Г. Брускин. Мы говорили об истоках — о детстве, о том, что практически в моем детстве и юности, в том далеком советском времени, быть евреем было неприлично. Запрещено. Слово «Израиль» было ругательством, да и слово «еврей» — не подарок. Когда я обиделся на девочку в детском саду за то, что она меня обозвала, именно обозвала, евреем, она сказала: «Ну что ты обижаешься, еврей и дурак — это одно и то же». Поэтому еврейская тема в моей книге возникла сама собой.
С. Волков. Сравнительно недавно, когда стало возможным публиковать подобные тексты, я увидел, что многие писатели, мои современники, всю жизнь ведут диалог с собственным детством и рассчитываются за какие-то ранние обиды и унижения.

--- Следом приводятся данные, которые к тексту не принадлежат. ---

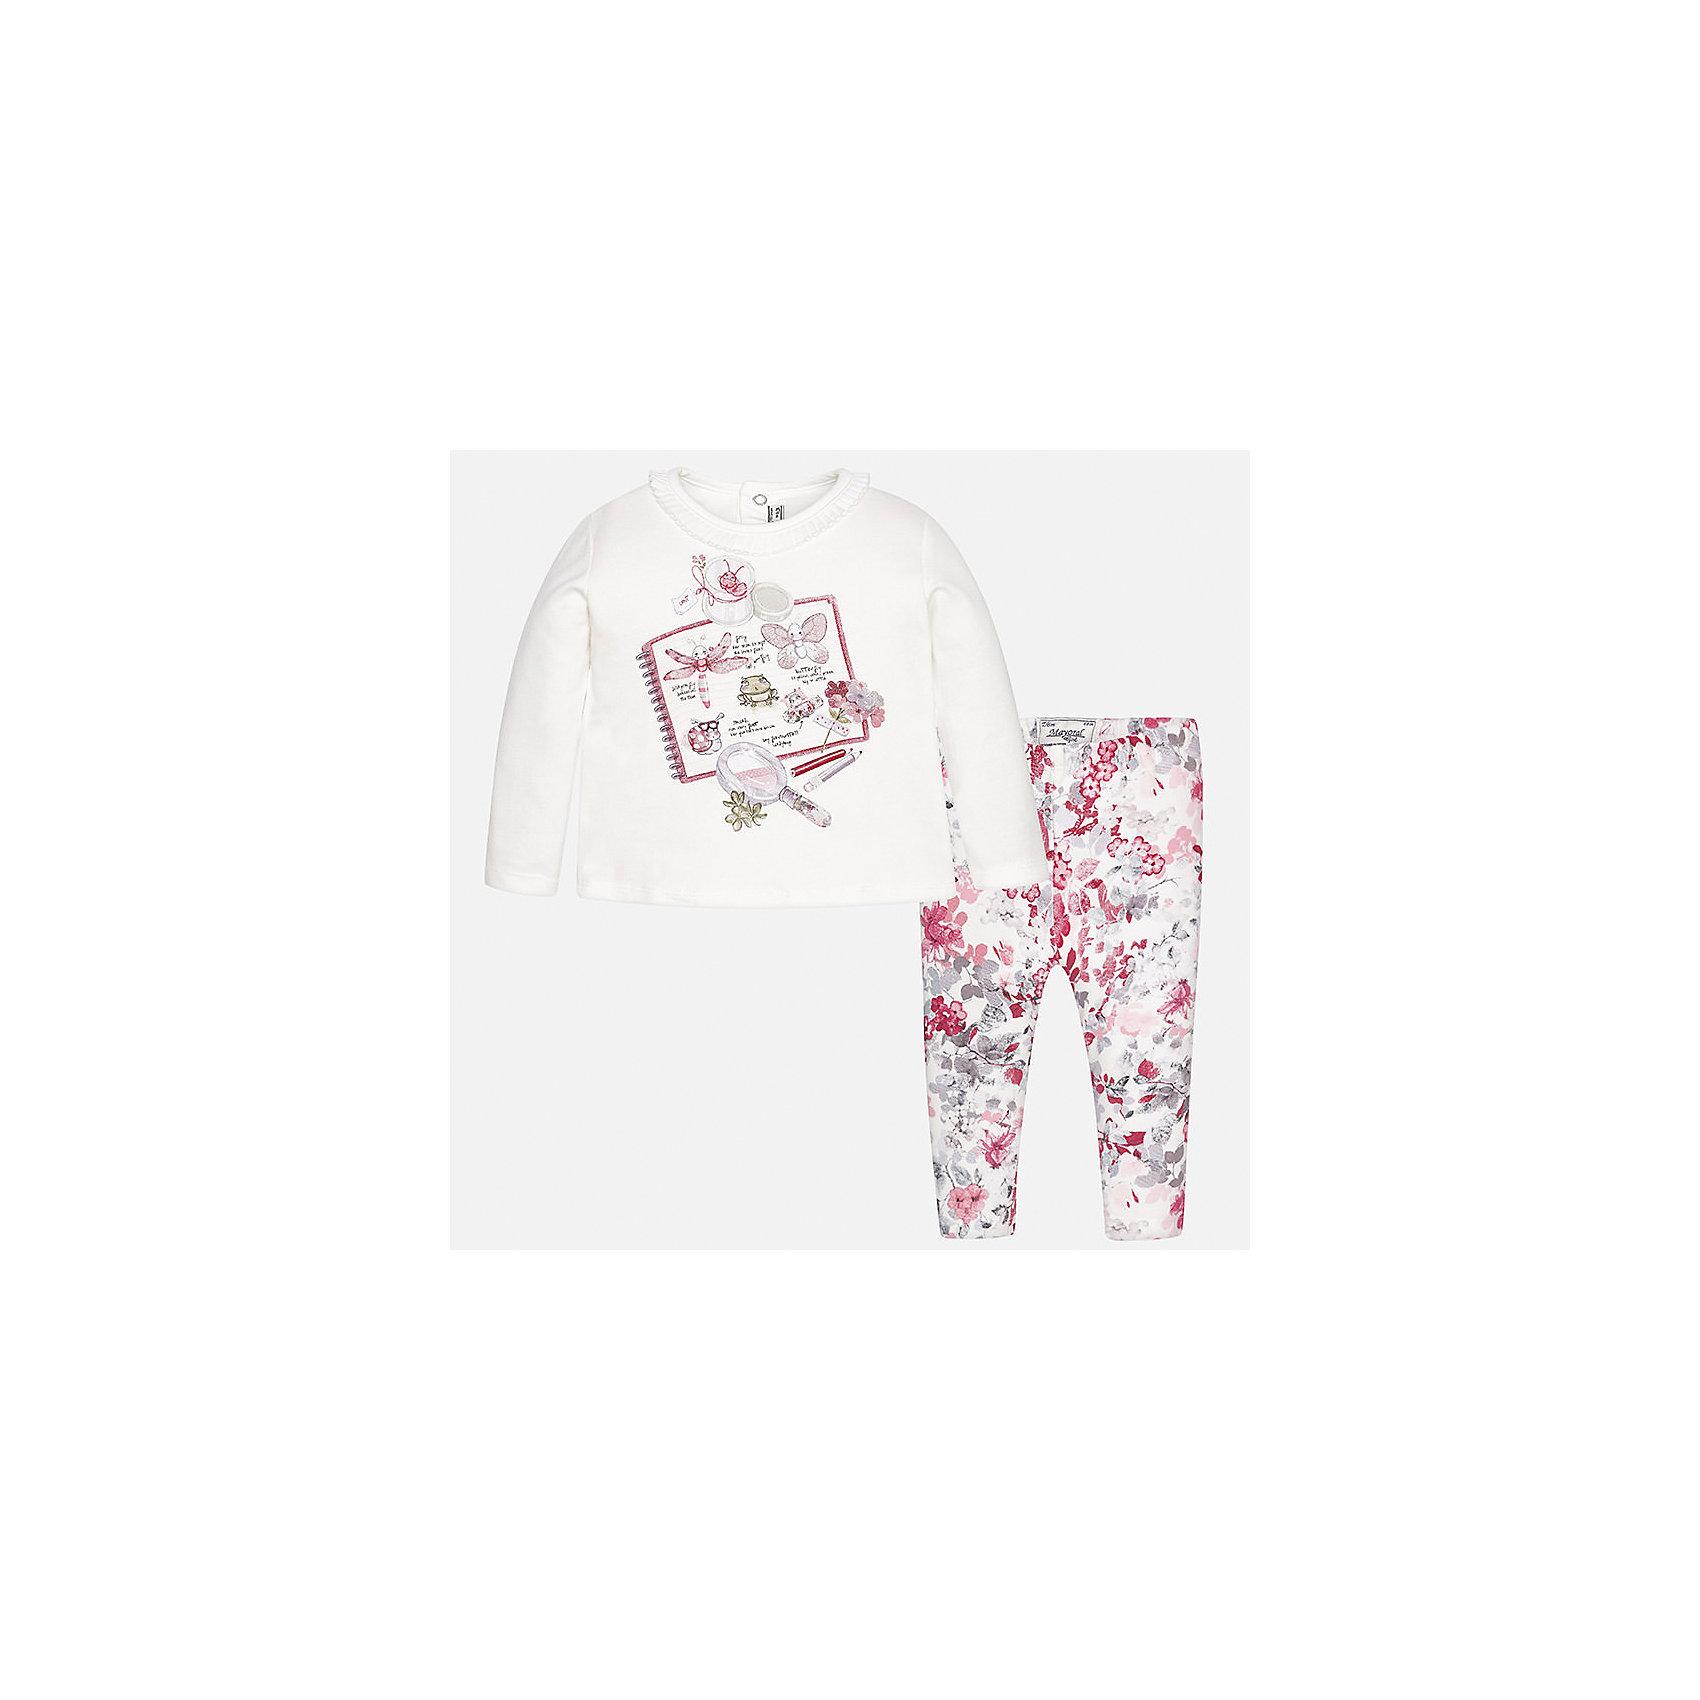 Комплект: футболка с длинным рукавом и леггинсы Mayoral для девочкиБлузки и рубашки<br>Характеристики товара:<br><br>• цвет: розовый<br>• состав ткани: 95% хлопок, 5% эластан<br>• комплект: лонгслив и леггинсы<br>• сезон: демисезон<br>• особенности: принт<br>• пояс: резинка<br>• длинные рукава<br>• застежка: кнопки<br>• страна бренда: Испания<br>• страна изготовитель: Индия<br><br>Такие лонгслив и леггинсы для девочки отлично сочетаются между собой, а также с другими вещами. Такой практичный и модный детский комплект из лонгслива и леггинсов для девочки подойдет для любых мероприятий. Детские леггинсы сшиты из приятного на ощупь материала. Лонгслив для девочки Mayoral удобно сидит по фигуре. <br><br>Комплект: лонгслив и леггинсы для девочкиMayoral (Майорал) можно купить в нашем интернет-магазине.<br><br>Ширина мм: 123<br>Глубина мм: 10<br>Высота мм: 149<br>Вес г: 209<br>Цвет: красный<br>Возраст от месяцев: 24<br>Возраст до месяцев: 36<br>Пол: Женский<br>Возраст: Детский<br>Размер: 98,74,80,86,92<br>SKU: 6920428

Г. Брускин. Эта тема в России вечная, неумирающая — русские и евреи, их взаимоотношения, антисемитизм. Например, знакомая купила в Москве мою книгу. Зашла к приятельнице — жене художника. Приятельница, прочитав аннотацию к книге, крикнула мужу: «Ты знаешь такого известного русского художника Гришу Брускина?» «Во-первых, он не русский…» — раздался недовольный голос из соседней комнаты. «Во-вторых» не последовало. То есть до сих пор продолжается все то же самое. Иначе, конечно. Сейчас нет государственного антисемитизма, который был в России и провоцировал и определял очень многое в этих отношениях. Но тем не менее. Остапу Бендеру, помнишь, задавали два вопроса.
С. Волков. «Не еврей ли вы?» и «Почему в продаже нет подсолнечного масла?»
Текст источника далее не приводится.